Breast cancer diagnosis may not affect job

Contrary to some beliefs, women who return to work after being diagnosed with breast cancer are not typically demoted or otherwise discriminated against in the workplace, new study findings show.

“We found little evidence that women diagnosed with breast cancer experience discrimination at work,” Dr. Elizabeth Maunsell of Laval University in Quebec City, Canada, and her colleagues write in the Journal of the National Cancer Institute.

“Thus, we believe that these results should provide some reassurance for working women who have just been diagnosed with breast cancer, especially women who are part of health and social systems similar to those in Canada,” they add.

Laws in Canada prohibit employers from discriminating due to a person’s handicap or health status, yet reports show that some cancer survivors say they have lost their job, been demoted, had their wages decreased or otherwise experienced problems after returning to work.

Maunsell and her team investigated such work-related discrimination in a study of 646 women, aged 18 to 59 years, with newly diagnosed breast cancer. For comparison, their study also included 890 similarly aged women without the disease.

At the start of the study, the two groups of women reported similar working conditions and all were employed. Three years later, the majority of women were still employed, the findings indicate. Only 21 percent of women with breast cancer and 15 percent of women in the comparison group were no longer working, Maunsell and her team report.

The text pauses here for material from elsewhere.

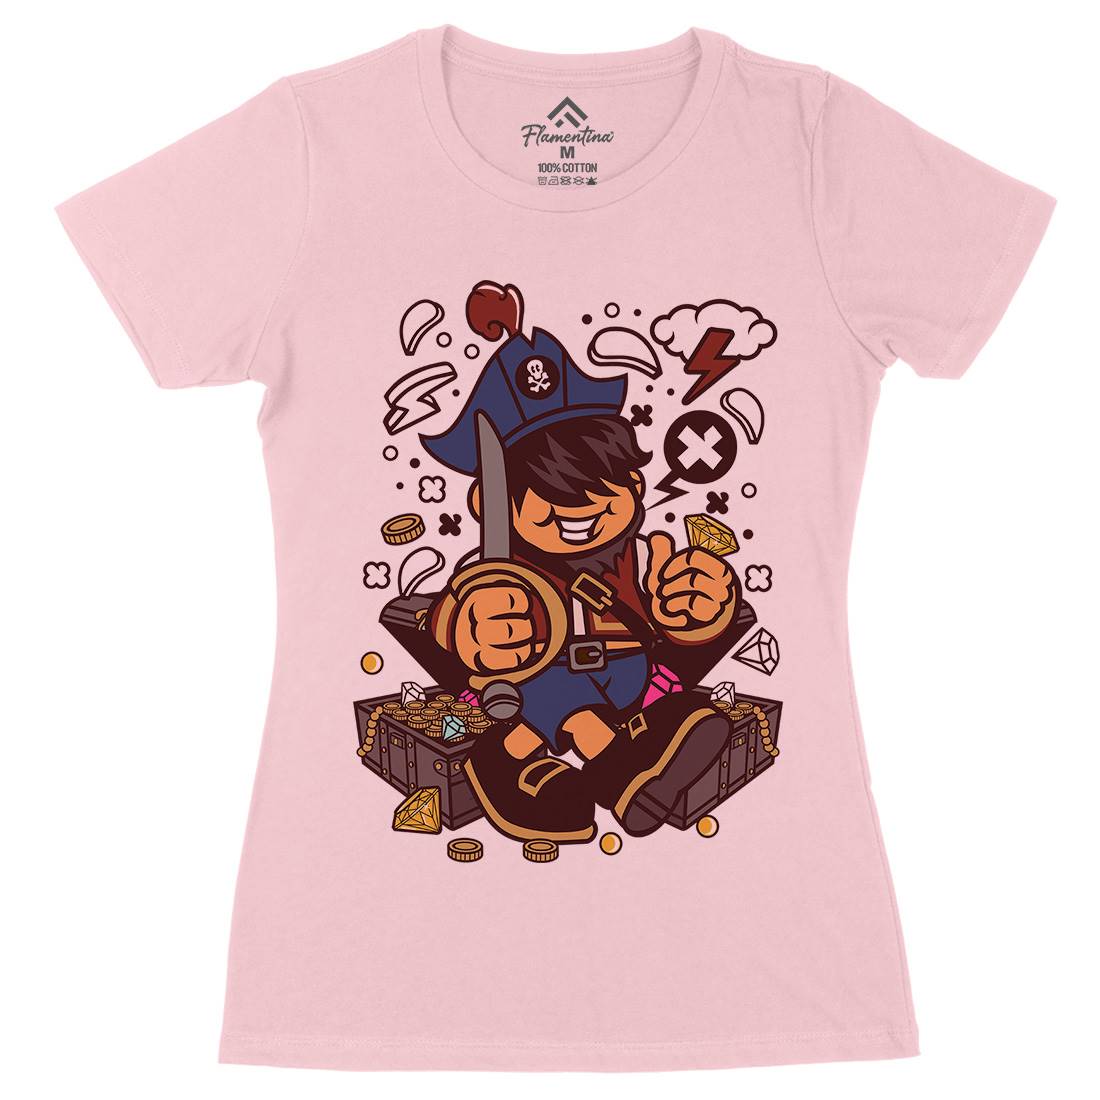 Pirate Kid Womens Organic Crew Neck T-Shirt Navy C191
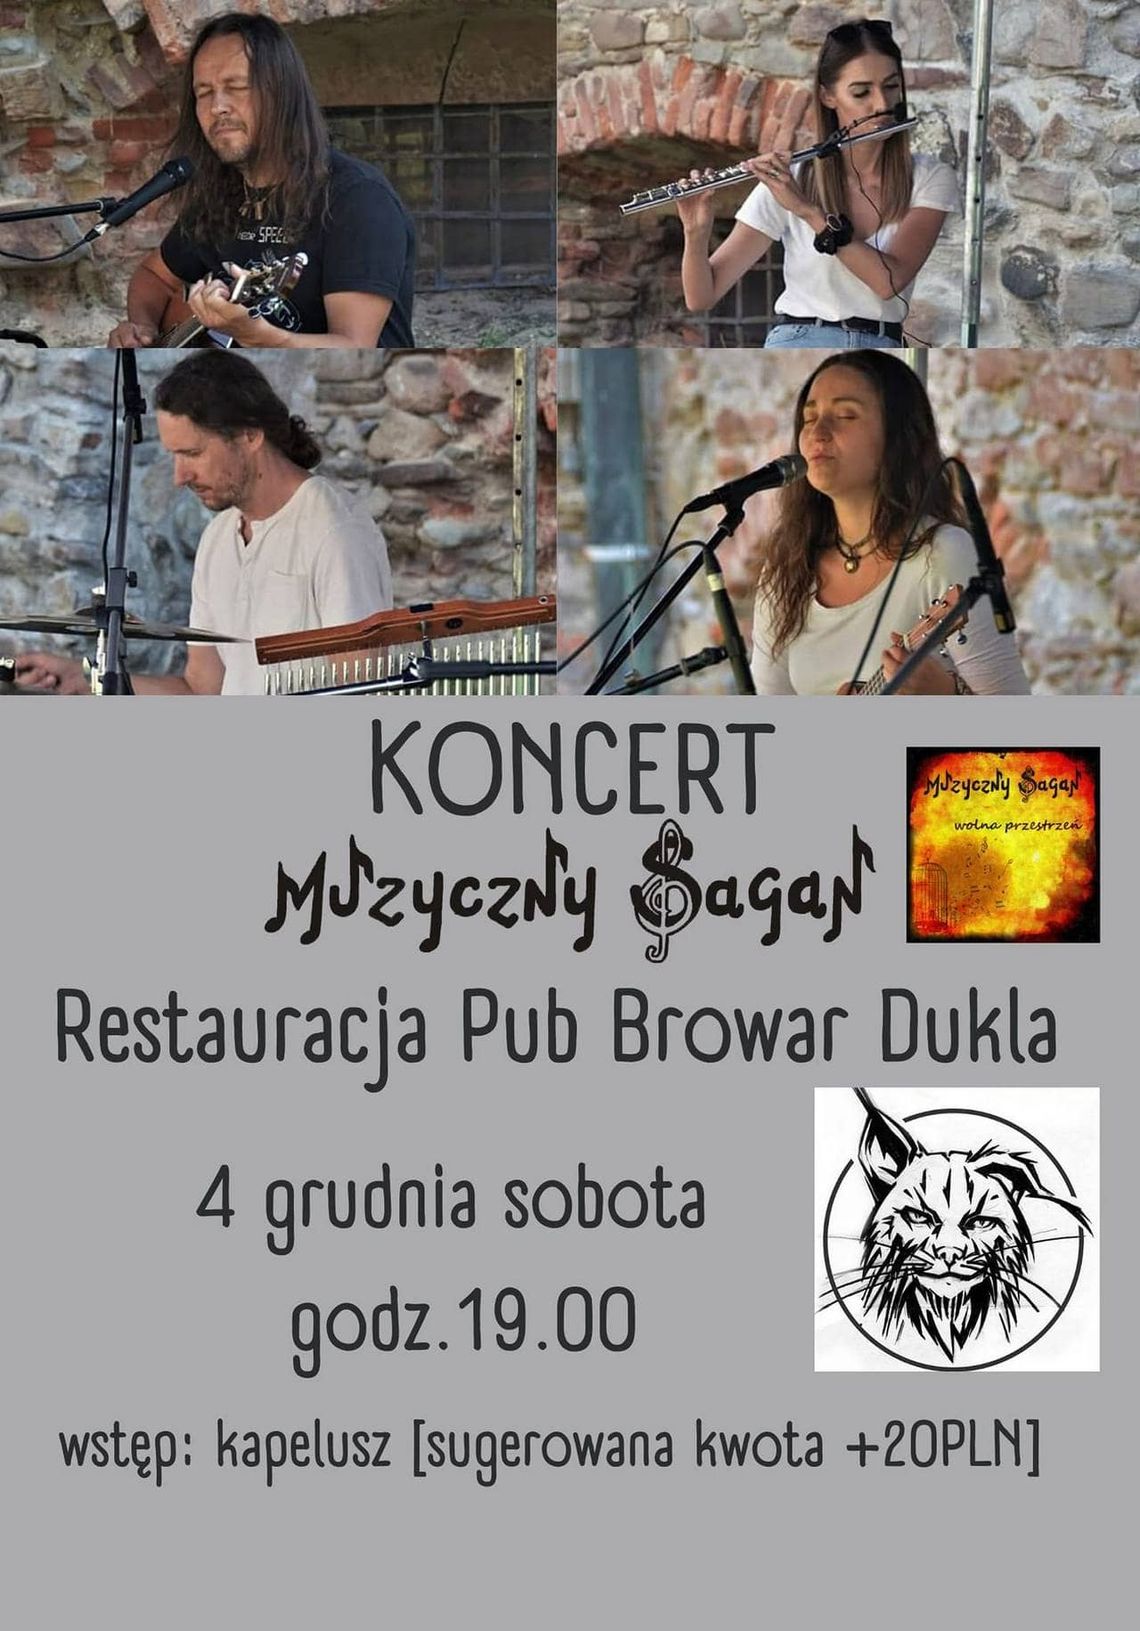 Koncert Muzyczny SAGAN w Browar Dukla | zapowiedzi imprez – halogorlice.info

These women were not forced out of their jobs or otherwise discriminated against due to their breast cancer diagnosis, the study found. Most, including 84 percent of breast cancer survivors and 76 percent of the comparison women, chose to stop working.

Many of the breast cancer survivors said they no longer valued work as highly as they had in the past, before they developed cancer.

Further, working conditions did not deteriorate among those who chose to continue working, the researchers note. In fact, the breast cancer survivors reported greater earnings than did those in the comparison group.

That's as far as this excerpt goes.